Available data:

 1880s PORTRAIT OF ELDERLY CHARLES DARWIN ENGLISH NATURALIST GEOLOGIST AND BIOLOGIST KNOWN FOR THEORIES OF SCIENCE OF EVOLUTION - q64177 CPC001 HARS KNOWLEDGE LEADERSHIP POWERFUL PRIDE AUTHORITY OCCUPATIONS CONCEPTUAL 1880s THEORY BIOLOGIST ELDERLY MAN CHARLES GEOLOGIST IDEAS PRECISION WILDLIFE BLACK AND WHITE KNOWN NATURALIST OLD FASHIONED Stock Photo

--

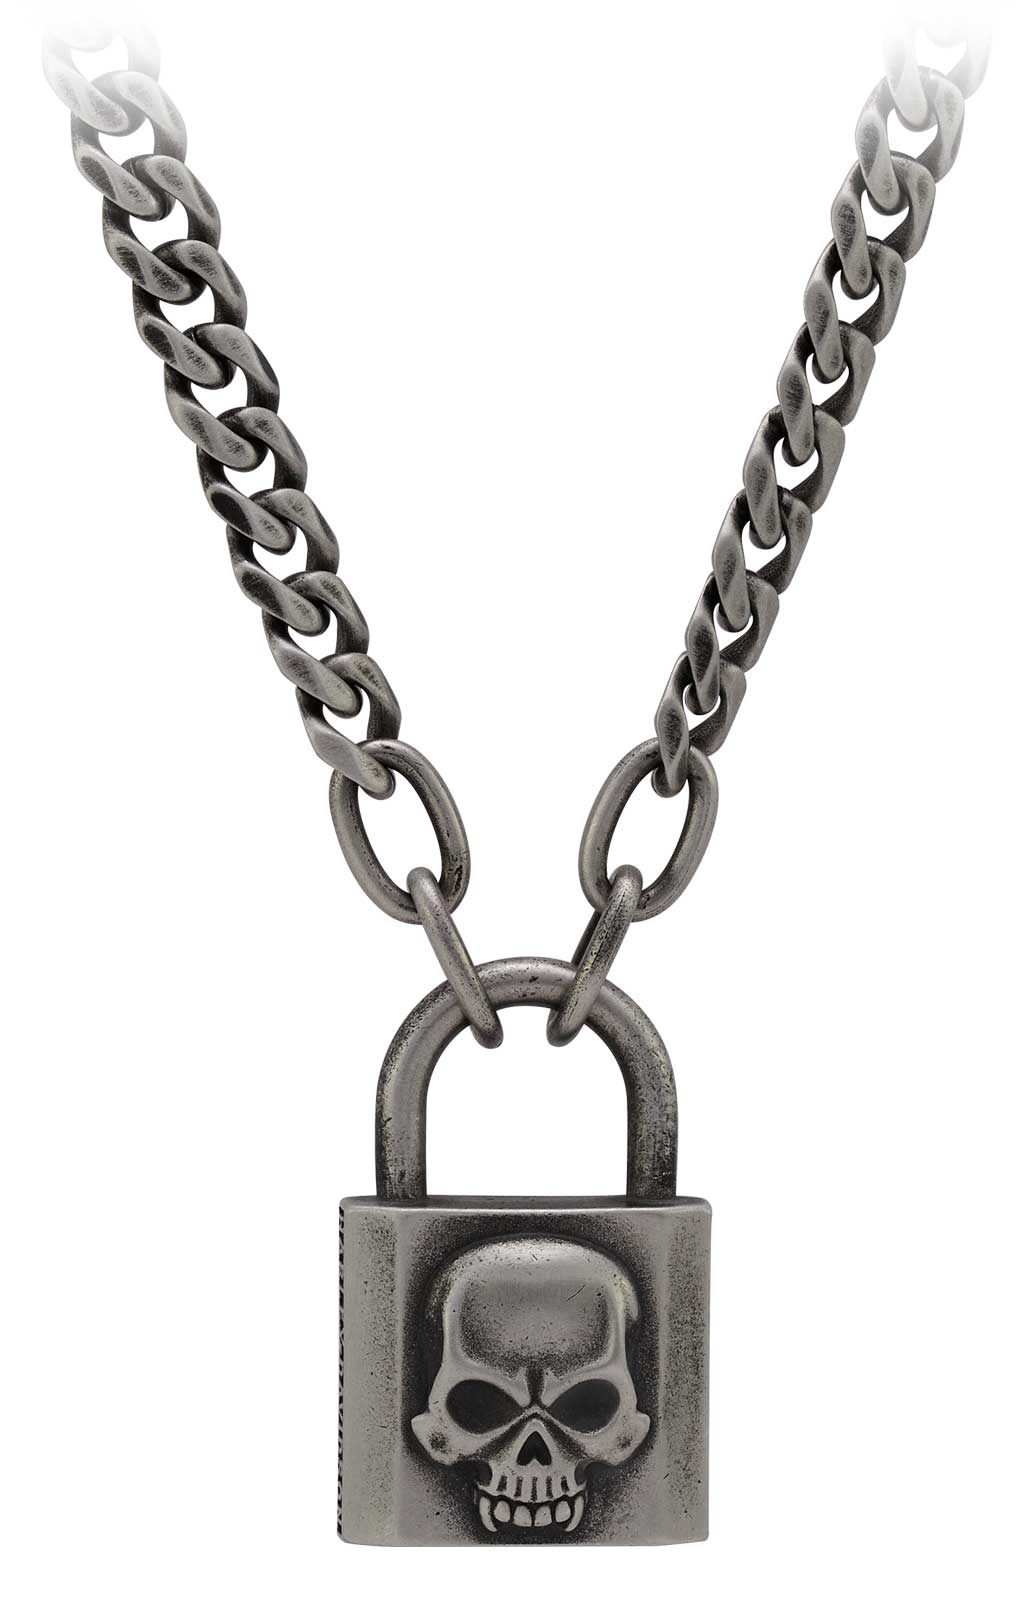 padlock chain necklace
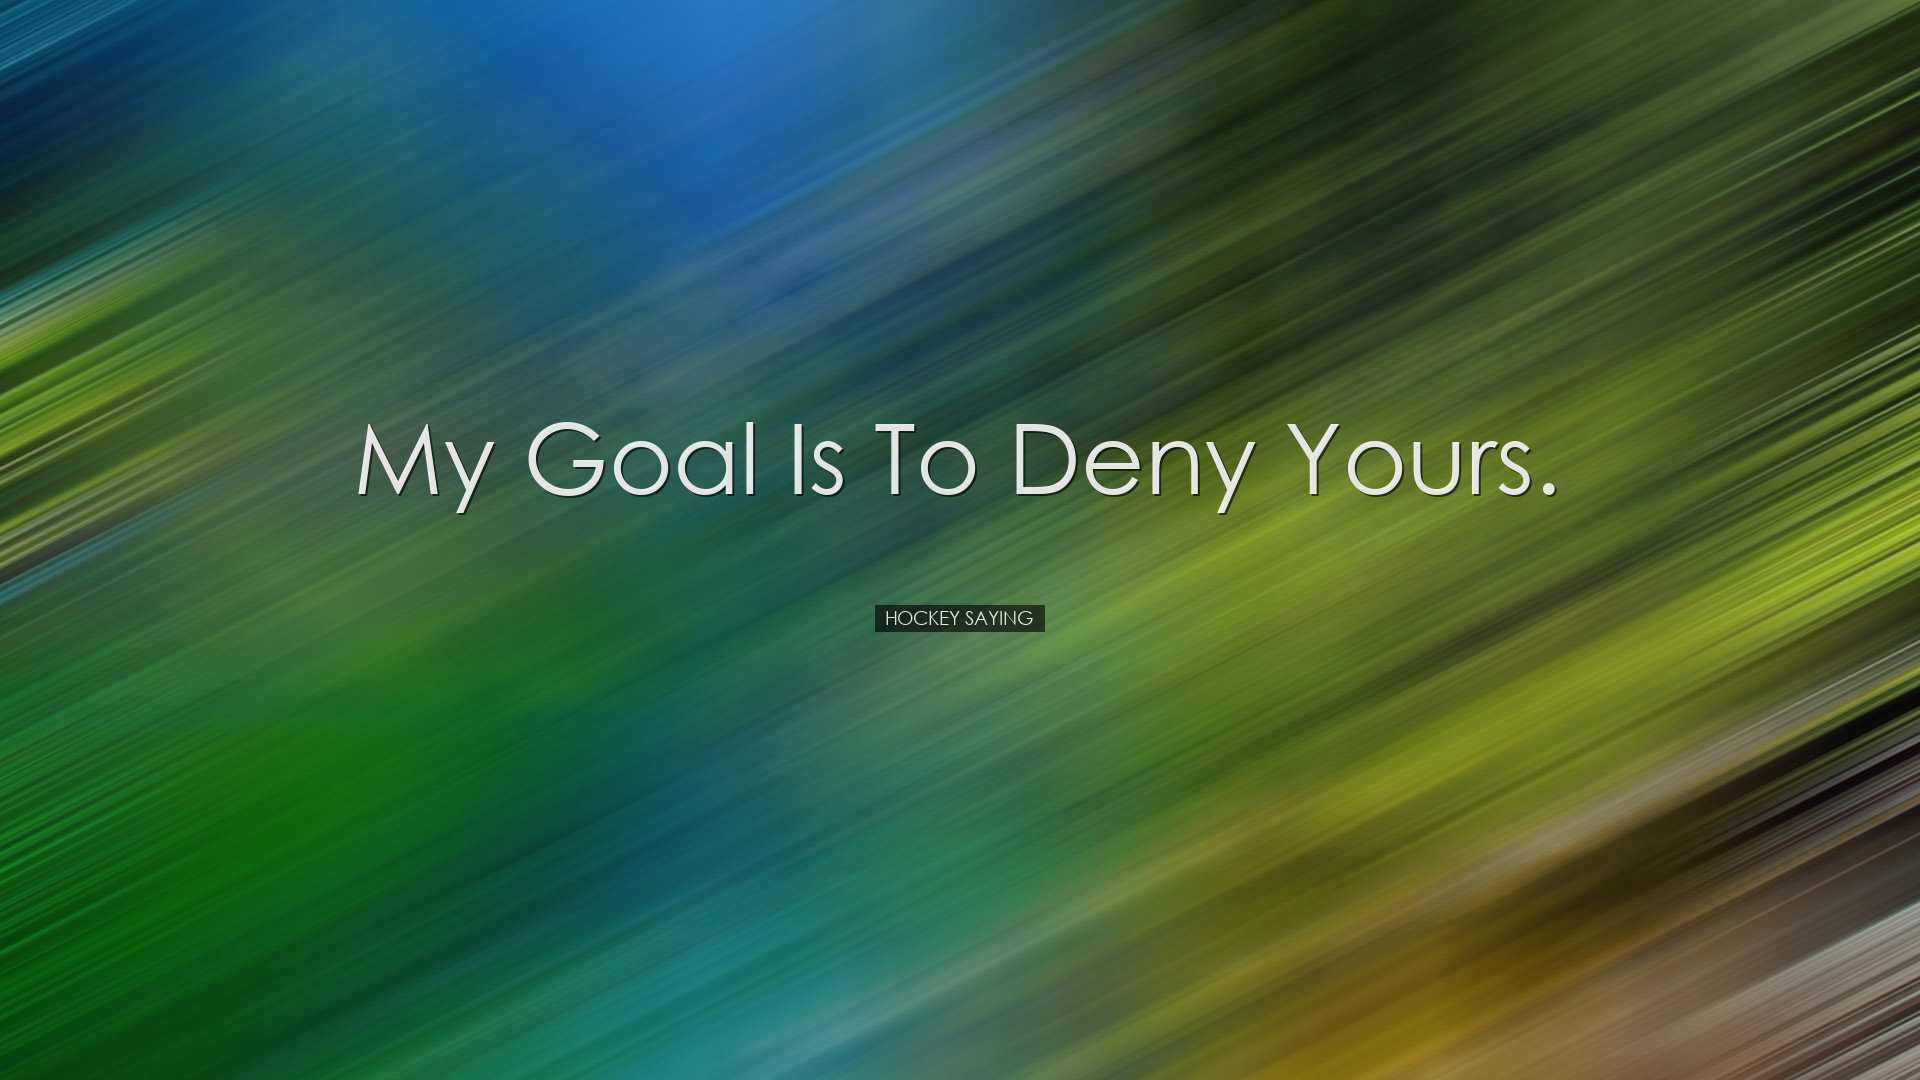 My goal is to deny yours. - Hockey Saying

...

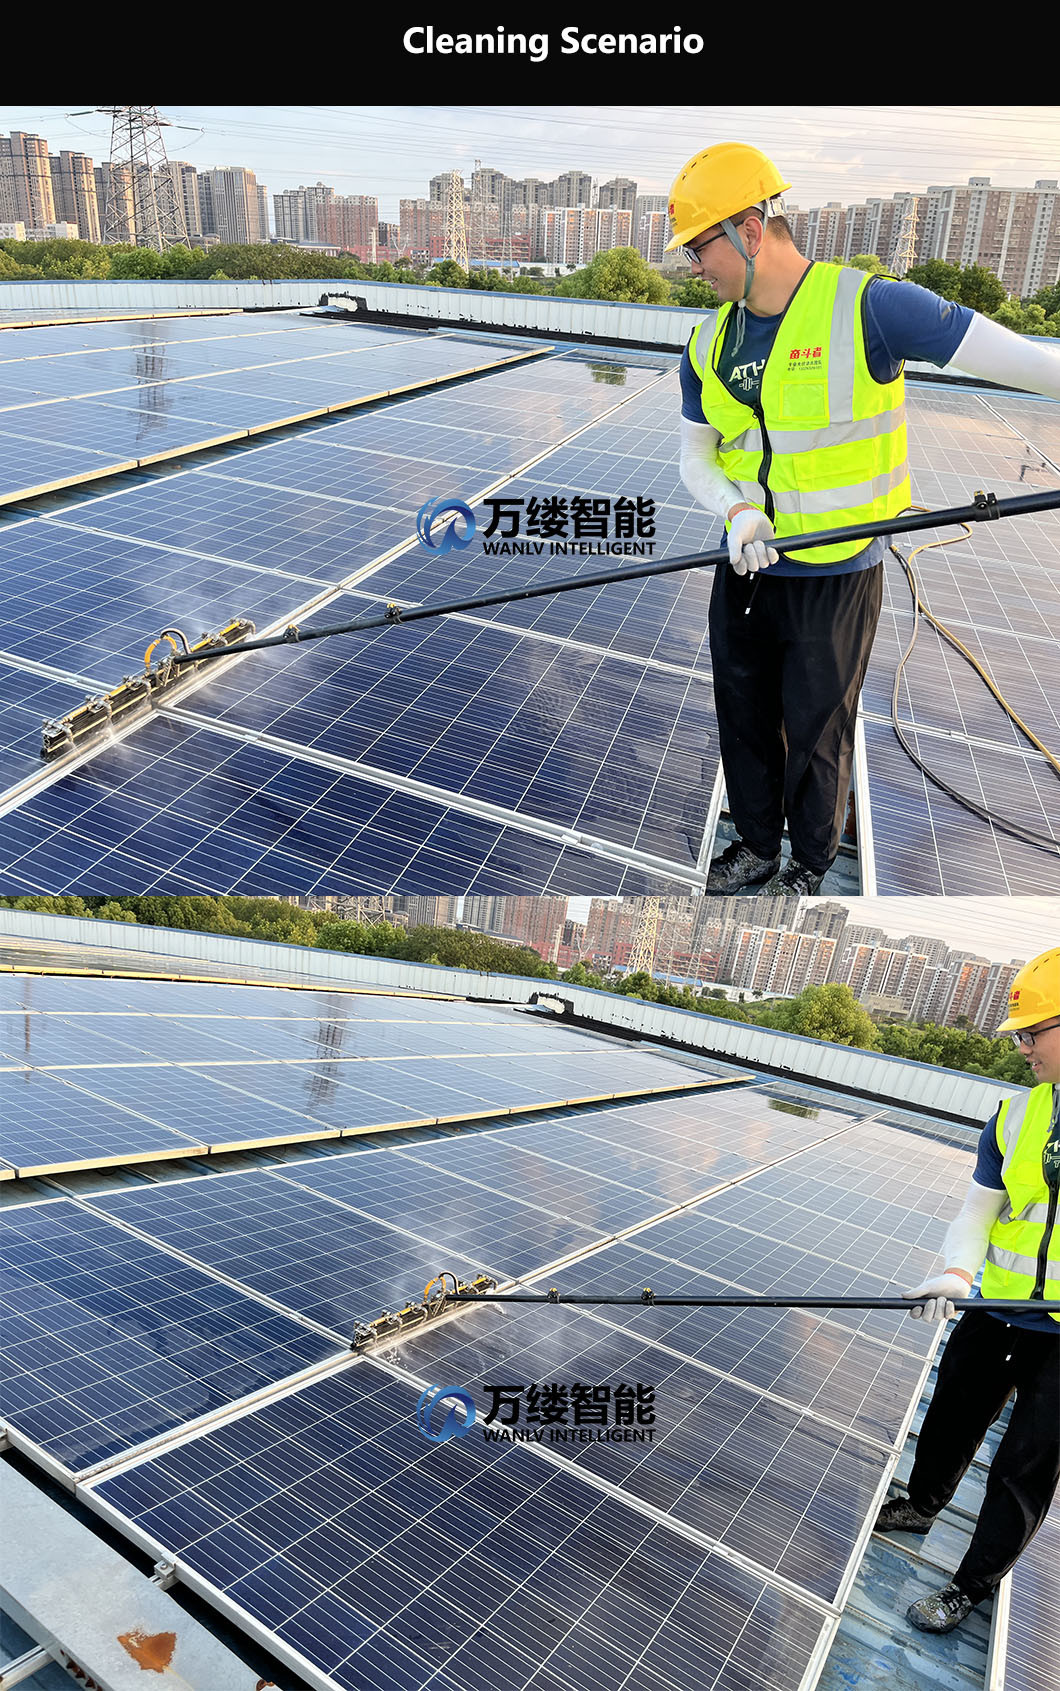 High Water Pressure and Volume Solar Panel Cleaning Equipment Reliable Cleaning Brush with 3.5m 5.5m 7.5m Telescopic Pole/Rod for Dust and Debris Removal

The task: From the records above, transcribe only the stretch from the line with "padlock chain necklace" through the line with "My goal is to deny yours. - Hockey Saying", keeping both ends. Omit pictures.

Response to the exercise:
 padlock chain necklace
 My goal is to deny yours. - Hockey Saying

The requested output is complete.